I had 15years of managing this ‘new normal’ fairly well and BOOM, I was back in surgery, only this time there was very little recovery and that year I had 3 more neurosurgeries. I tried and tried to return to my former role, but my body was having none of it, even in trying to do a couple of hours work was all too much and I, very reluctantly, had to resign.

I believe that the neuro journey is different for everyone. I’m often saying, “Some people can bounce back relatively unaffected, some can have lingering short term issues, but then some can have lifelong problems and there really is no measure of who, when or why.” Just when I think "Ha, I got this thing beat…’ it up and bashes me into submission. I have to listen to my body. When it says ‘STOP!!!’ I have to stop or pay for the consequences.

This is a time to be kind to yourself. Take the time your body NEEDS and not just the time your mind (or the Dr) expects. From my experience, the slower you take it, the better the recovery.

Merl from the Modsupport Team

That’s a grand plan! How wonderful to be around the grandkids. When is the big move? Are you driving? There was a time when I could have driven 12 hours and not feel it, I’d have to make that trip a two day one. You could stop and see the arch in St. Louis! It really is impressive.

AR is a beautiful State in its own right, we drove through there multiple times when going to visit my parents who lived in Missouri. We did learn one thing, when the Asplundh trucks are heading in the same direction you are but the birds are flying in droves the opposite way, follow the birds. We hit a terrible ice storm, Almost got hit head on by a semi that crossed the center divider and got stuck in the car for 20 hours with a young puppy. The storm followed us all the way back to Alabama, we had nowhere to pull over after the first stop. I think Trouble peed for 30 minutes once we were able to pull over. It was better when Dad lost a bet with BH and they moved to NC.

I hope your CT scan goes well for you.

Sure am! Just wish I had the energy to pack! :roll_eyes:

A box a day gets AR closer! Moving is stressful. You might see if a couple of friends can help you out for a short time. We just moved to a different county and we are still trying to unpack since March!

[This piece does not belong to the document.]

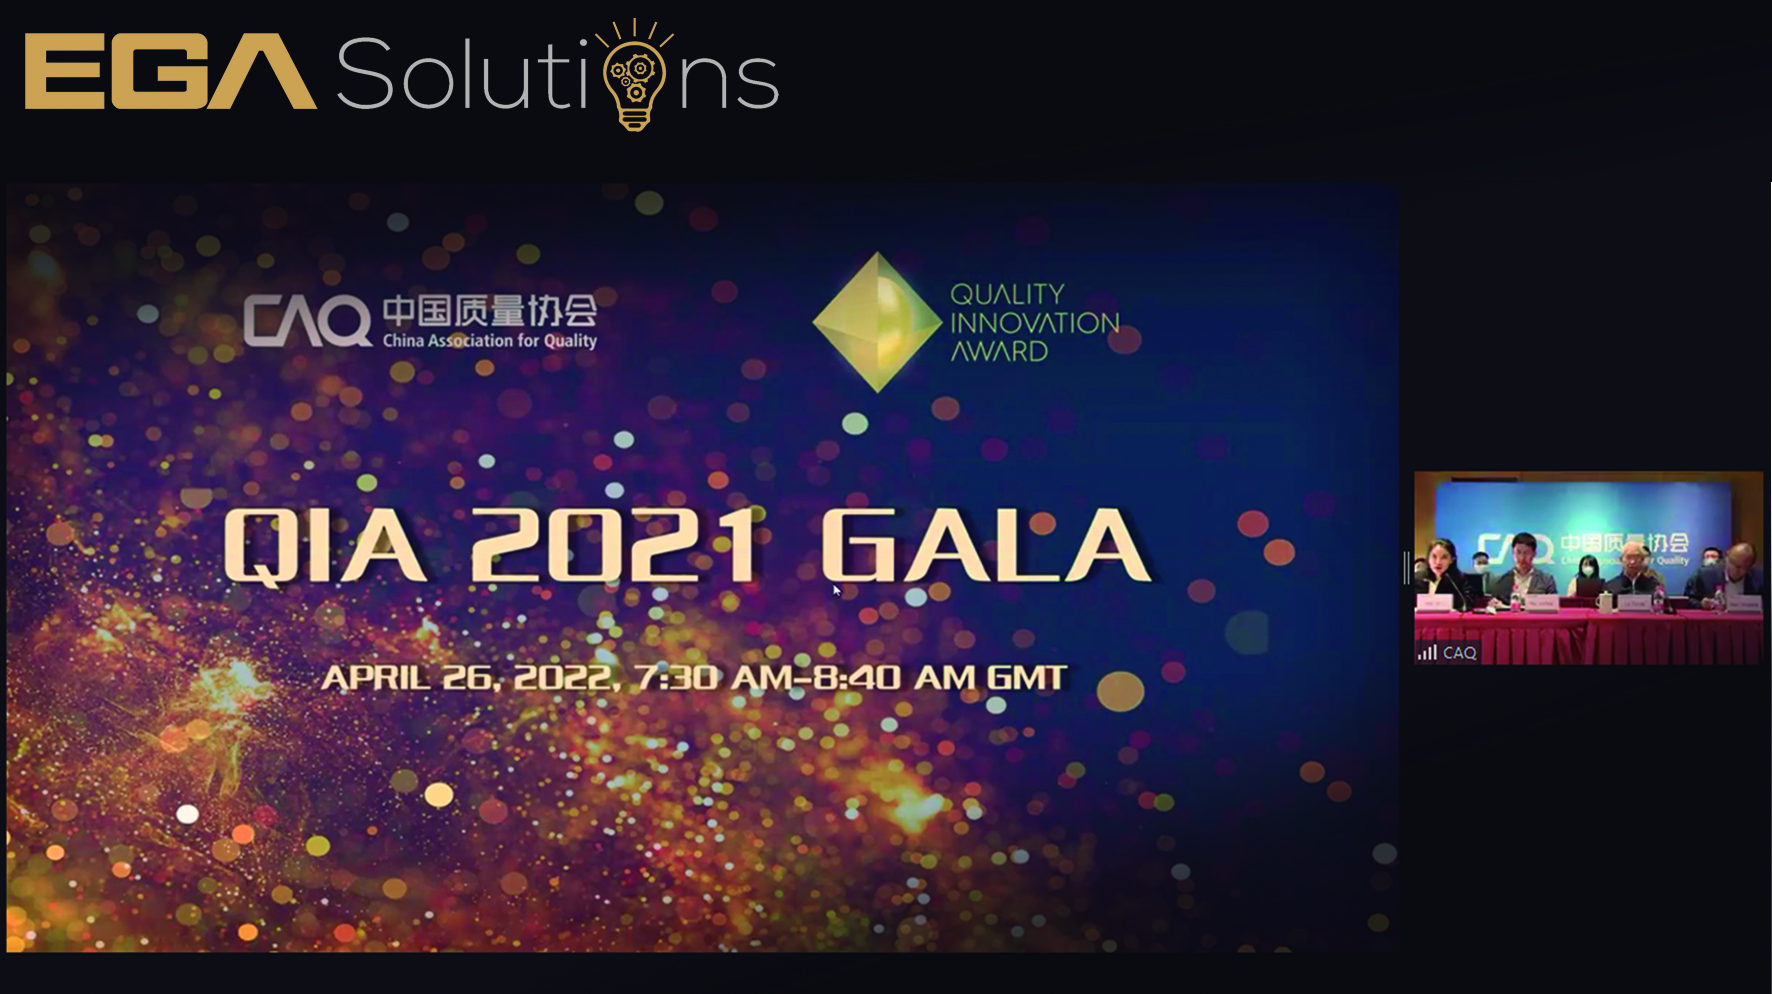 EGA Solutions recibe el premio internacional ‘Quality Innovation Award’

Took over a month to find our daily silverware. BH must’ve unpacked every box labeled “ktcn”. They were still in the drawer at the old house :crazy_face::joy:. I found some of my tools in a box marked “msr brm shoes clths” in one of those boxes for hanging clothes in. If you find an 8mm socket, I’ll claim it​:rofl:. It was the first time we ever hired someone to pack and move us, thankfully it’s also the last.